Business

APD 'tax on tourists' sees a million passengers abandon Northern Ireland airports

Airports claim a million passengers have chosen Dublin over Northern Ireland, due in part to air passenger duty
Gary McDonald Business Editor

MORE than a million air passengers have been lost from Belfast's main airports to Dublin in the last year, campaigners for the abolition of air passenger duty (APD) claim.

The airports will look on enviously this morning as Icelandair begins a new six-times weekly route between Dublin and Reykjavik, offering passengers connections to and from 20 gateways in North America.

Meanwhile the same airline is axing its Belfast City Airport service to the Icelandic capital from May 15, citing "commercial reasons" for the suspension.

And that, according to the airports, is another stark indication of how UK air passenger duty presently skews the market opportunity between Belfast and Dublin.

Belfast International, Belfast City and City of Derry airports are all currently finalising their submissions to a consultation launched in February by the UK Treasury seeking views on the future of APD and tourism VAT.

APD requires passengers on short haul flights flying in or out of Northern Ireland to pay £26 on a domestic /short-hall return trip, while the duty is £78 on long haul journeys.

Since the tax was first introduced in 1994 at £5 on short haul and £10 on long haul flights, there has been a rise of 680 per cent in rates, and campaigners say it needs removed to support families and trade, save jobs, boost growth and help get the UK Brexit-ready.

Airports claim APD is "like an anchor on us, pulling us back", and causing a reduction in the number of flights in Northern Ireland, with passengers instead opting to use Dublin airport, where the tax was axed in 2014 by its then transport minister Leo Varadkar, now taoiseach.

Indeed the Icelandair service launching from today is Dublin Airport's 22nd new scheduled airline since 2010.

Belfast International Airport said it will set out "the strongest possible case" for the removal of APD in its formal submission to the consultation, which ends on June 5, after which any recommendations will be factored in to Treasury thinking ahead of the autumn Budget.

Its managing director Graham Keddie has claimed airlines have assured him they would "invest massively in Northern Ireland" if APD was removed.

"Right now though, they're voting with their feet, and Northern Ireland is losing around one million passengers a year to Dublin," he said.

As part of its submission to the Treasury, the International Airport will cite services from Belfast to both Reykjavik and Amsterdam as just two examples of where the north is losing out.

Mr Keddie has said previously that if the APD "tax on tourists" was scrapped, it would be a step change for the tourism industry and air traffic would grow dramatically.

"We have had one airline say to us that if APD goes, we'll give you a million extra seats. Other carriers have said similar things," he said.

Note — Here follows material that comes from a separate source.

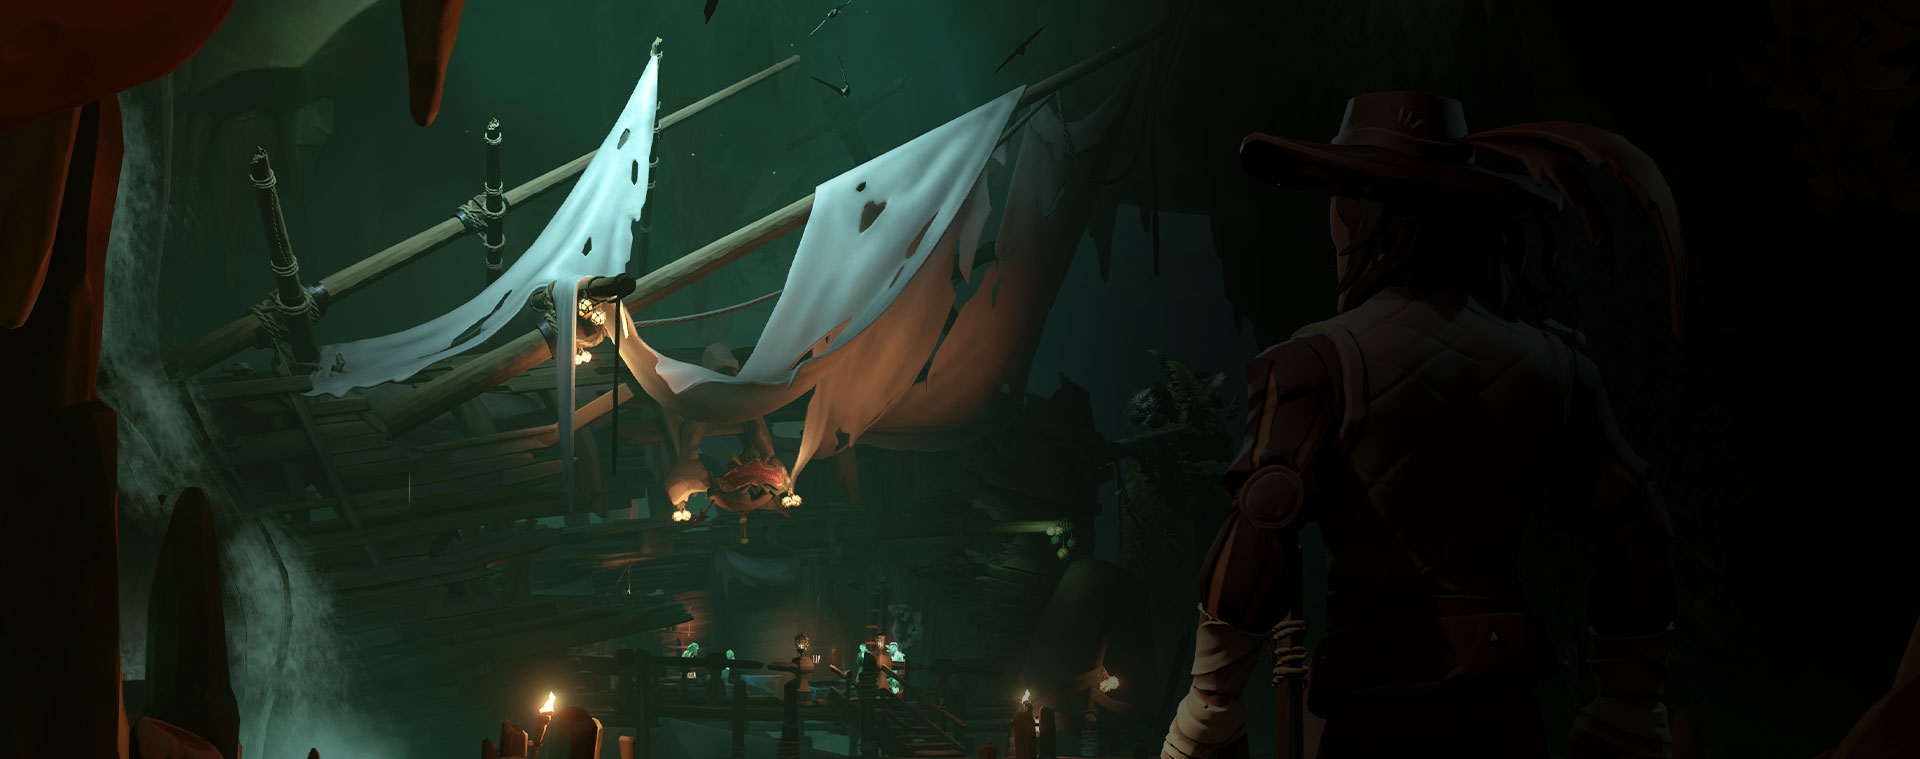 Персонаж из Sea of Thieves смотрит на обломки разбитого корабля

Opponents of the tax cuts argue that abolishing APD would be financially unviable due to the required counter-balancing loss to block grant funding from the Treasury, which they claim would impact on local public services.

But the airports insist the additional income to the economy will offset any loss from the block grant, so it represents a net benefit.

The tourism industry in Northern Ireland has experienced consistent growth in recent years, and the government wants to ensure that business can build on that success.

In the 12-month period to last September, the number of trips to Northern Ireland was up 11 per cent compared with the same period in 2016, while tourism expenditure grew by 18 per cent to £951 million.

There were 347,000 international visits, as measured by the International Passenger Survey, in the first nine months of 2017, a 9 per cent increase on the same period in 2016, while passenger numbers at the north's three largest airports have seen an increase of 17 per cent in the last five years.

And hotel occupancy rates in Northern Ireland increased to a record high of nearly 80 per cent last year whilst the average room rate increased to around £79.